A todo esto, el día 8 de agosto, había llegado Franco a la capital andaluza y con gran indignación del absurdo e insensato general Queipo de Llano, que había conquistado Sevilla y se había transofrmado en un grotesco locutor de radio, tomó el mando de toda la zona sur. Mola, temiendo a Franco como rival y para evitar suspicacias, les agregó nominalmente a él, a Queipo y a Orgaz, alto comisario del Marruecos español a la Junta y continuó actuando como jefe del Movimiento, con ínfulas de «generalísimo». Sin ir más lejos, un discurso pronunciado en septiembre, Mola manifestaba «… Es el ejército quien debe gobernar, pues solamente él posee suficiente autoridad para mantener enlazados los elementos heterogéneos que componen España». Era secretario general de esa Junta, el coronel Montaner y existían en ella las subsecretarías de Comercio, Obra Pública, (secciones ferroviarias, de carreteras y Correos y Telégrafos), Hacienda, Justicia y un negociado de prensa regentado por aquel periodista venal y germanófilo, verdadero prototipo de la inmoralidad periodística española reaccionaria que se llamaba Juan Pujol.

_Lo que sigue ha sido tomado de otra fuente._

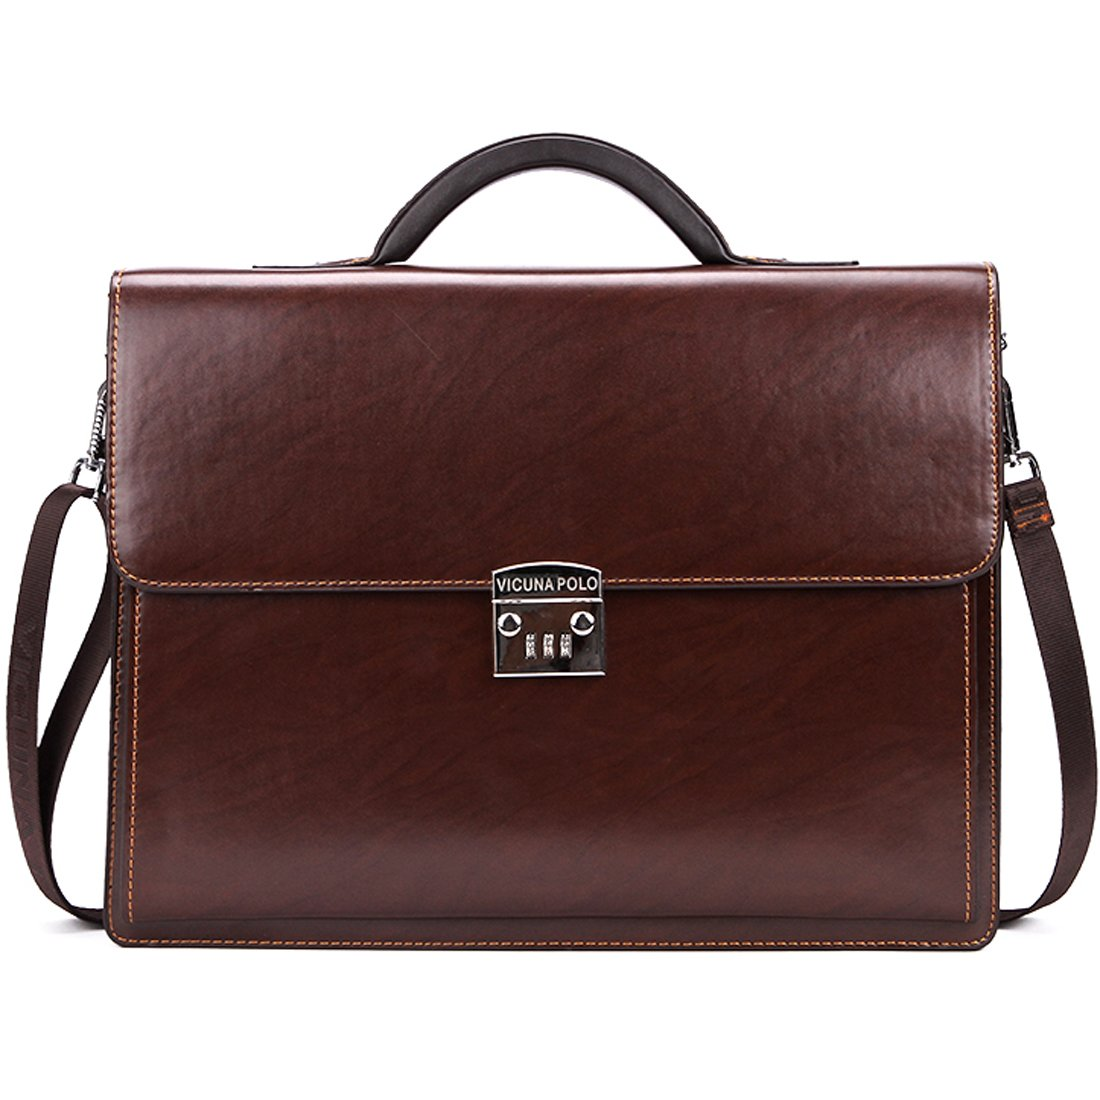 VICUNA POLO Briefcase For Men Handbag Business Man Bag Laptop Bag With Code-Lock (brown)

IV. Franco, jefe supremo del Movimiento
En octubre de 1936, el Vaticano, por intermedio de la Compañía de Jesús, del episcopado español y de otras órdenes religiosas, había movido todos los resortes políticos, militares y financieros de dentro y fuera de España, y habría interesado en favor de Franco primeramente a Italia y luego a Alemania. Todas estas cuestiones y las rivalidades entre los generales sublevados hábilmente enfrentados dieron lugar a que el «caudillo» gallego, con su mediocridad hipócrita pseudo-devota, fuera reconocido como «Jefe Supremo del Estado Español» y se hizo asistir por una «junta técnica» compuesta por representantes de los departamentos de Justicia, Industria y Comercio, Agricultura, Trabajo, Instrucción y Obras Públicas, con una secretaría para los negocios extranjeros. Se aconsejó al «caudillo» que nombrase con el fin de quitar posibles rivalidades, a Mola, jefe del ejército del Norte; a Queipo de Llano del Sur; y a Orgaz del de Marruecos. El viejo Cabanellas fue designado como «inspector general del Ejército», título dorado, pero absolutamente inútil.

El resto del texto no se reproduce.